• Problem to work on:
Locate all lines in the data below that hold "Stock" and show them.

• Data for processing:

•••

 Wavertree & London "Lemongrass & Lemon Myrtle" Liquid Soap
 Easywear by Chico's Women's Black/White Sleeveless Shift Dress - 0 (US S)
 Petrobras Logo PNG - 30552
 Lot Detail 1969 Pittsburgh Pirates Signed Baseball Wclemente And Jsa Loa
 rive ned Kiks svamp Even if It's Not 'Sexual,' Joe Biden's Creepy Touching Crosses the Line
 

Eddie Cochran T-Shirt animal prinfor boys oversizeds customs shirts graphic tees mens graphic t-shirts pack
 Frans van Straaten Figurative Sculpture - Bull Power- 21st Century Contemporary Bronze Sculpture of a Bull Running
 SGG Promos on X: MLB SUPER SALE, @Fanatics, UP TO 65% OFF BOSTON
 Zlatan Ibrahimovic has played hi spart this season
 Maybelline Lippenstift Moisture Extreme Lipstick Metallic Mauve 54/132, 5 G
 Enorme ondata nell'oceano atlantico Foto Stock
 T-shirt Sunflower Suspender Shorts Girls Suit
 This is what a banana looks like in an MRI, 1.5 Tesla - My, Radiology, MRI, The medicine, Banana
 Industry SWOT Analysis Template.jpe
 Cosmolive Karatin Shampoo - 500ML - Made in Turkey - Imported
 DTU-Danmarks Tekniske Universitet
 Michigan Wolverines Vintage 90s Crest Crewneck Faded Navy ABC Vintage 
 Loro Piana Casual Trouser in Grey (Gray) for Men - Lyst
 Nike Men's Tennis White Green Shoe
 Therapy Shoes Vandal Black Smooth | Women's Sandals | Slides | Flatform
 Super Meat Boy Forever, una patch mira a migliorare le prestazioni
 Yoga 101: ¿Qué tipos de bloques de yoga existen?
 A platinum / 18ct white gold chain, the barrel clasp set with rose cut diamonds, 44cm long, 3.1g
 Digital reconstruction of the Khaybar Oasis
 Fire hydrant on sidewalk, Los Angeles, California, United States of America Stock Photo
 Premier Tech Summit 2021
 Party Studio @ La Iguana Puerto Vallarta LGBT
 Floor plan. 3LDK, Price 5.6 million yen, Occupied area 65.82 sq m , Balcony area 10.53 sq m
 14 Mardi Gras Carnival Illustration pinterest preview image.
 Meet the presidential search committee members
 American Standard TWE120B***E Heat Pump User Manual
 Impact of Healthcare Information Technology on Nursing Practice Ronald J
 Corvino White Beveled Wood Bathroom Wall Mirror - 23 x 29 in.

•••

• Answer section:
 Enorme ondata nell'oceano atlantico Foto Stock
 Fire hydrant on sidewalk, Los Angeles, California, United States of America Stock Photo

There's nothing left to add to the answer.